_THE PROBLEM_
Reproduce exactly the lines below from the one containing "In a dark computer-generated" through the one containing "Jan & Jul Toasty-Dry", including both, and nothing else.

_DATA TO PROCESS_
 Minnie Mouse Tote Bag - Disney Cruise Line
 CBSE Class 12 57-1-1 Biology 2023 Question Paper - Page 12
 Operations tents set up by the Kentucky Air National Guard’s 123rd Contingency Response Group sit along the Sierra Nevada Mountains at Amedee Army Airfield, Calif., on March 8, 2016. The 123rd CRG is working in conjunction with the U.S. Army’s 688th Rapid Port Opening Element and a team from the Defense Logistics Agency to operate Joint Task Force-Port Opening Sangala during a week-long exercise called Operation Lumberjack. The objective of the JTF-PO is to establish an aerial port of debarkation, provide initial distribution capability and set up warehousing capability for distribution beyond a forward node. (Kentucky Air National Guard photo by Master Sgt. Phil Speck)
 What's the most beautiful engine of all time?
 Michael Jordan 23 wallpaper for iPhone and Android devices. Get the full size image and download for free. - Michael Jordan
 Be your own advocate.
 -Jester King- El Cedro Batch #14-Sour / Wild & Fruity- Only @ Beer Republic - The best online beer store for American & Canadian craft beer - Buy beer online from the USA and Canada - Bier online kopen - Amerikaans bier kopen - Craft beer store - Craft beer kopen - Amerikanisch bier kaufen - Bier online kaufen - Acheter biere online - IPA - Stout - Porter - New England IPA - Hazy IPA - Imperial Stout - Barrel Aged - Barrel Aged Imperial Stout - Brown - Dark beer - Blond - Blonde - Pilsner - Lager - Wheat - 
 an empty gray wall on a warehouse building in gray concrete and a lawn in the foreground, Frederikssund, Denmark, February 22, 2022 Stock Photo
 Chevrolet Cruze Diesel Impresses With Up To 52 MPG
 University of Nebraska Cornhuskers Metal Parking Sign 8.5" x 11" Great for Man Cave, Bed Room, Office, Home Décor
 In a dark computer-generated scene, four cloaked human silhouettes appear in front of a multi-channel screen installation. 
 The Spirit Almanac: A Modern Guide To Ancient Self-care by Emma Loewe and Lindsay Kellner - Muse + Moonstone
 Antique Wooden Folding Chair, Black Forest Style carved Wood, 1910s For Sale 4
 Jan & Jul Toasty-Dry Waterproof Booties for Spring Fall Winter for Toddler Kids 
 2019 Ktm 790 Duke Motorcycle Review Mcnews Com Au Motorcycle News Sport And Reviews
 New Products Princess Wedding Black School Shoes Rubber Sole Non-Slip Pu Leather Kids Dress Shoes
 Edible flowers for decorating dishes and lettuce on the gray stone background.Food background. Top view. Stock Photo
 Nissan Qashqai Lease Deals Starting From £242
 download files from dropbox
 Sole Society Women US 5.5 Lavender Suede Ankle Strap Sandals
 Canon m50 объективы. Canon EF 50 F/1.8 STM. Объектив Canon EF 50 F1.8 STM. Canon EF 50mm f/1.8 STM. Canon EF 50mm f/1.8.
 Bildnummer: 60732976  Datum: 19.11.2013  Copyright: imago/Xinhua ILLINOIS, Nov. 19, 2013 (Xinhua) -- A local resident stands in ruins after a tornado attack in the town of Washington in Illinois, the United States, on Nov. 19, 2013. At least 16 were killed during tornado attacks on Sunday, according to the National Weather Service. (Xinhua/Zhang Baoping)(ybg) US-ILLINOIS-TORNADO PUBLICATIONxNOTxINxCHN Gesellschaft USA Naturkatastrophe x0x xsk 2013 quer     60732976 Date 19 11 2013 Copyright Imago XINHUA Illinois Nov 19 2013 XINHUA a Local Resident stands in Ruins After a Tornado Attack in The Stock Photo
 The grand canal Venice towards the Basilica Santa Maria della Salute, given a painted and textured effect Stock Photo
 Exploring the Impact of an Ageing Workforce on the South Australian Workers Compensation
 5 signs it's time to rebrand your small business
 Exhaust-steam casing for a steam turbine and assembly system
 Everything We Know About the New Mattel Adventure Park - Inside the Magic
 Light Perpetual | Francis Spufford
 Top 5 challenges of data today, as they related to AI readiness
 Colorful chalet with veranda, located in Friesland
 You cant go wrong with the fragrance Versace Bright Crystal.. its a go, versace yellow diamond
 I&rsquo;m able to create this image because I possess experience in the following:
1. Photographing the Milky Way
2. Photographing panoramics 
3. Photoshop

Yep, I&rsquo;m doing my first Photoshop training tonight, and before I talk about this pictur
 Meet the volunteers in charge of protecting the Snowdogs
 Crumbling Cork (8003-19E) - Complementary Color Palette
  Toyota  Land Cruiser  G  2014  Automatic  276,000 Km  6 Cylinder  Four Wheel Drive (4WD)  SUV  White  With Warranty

_TASK OUTPUT_
 In a dark computer-generated scene, four cloaked human silhouettes appear in front of a multi-channel screen installation. 
 The Spirit Almanac: A Modern Guide To Ancient Self-care by Emma Loewe and Lindsay Kellner - Muse + Moonstone
 Antique Wooden Folding Chair, Black Forest Style carved Wood, 1910s For Sale 4
 Jan & Jul Toasty-Dry Waterproof Booties for Spring Fall Winter for Toddler Kids 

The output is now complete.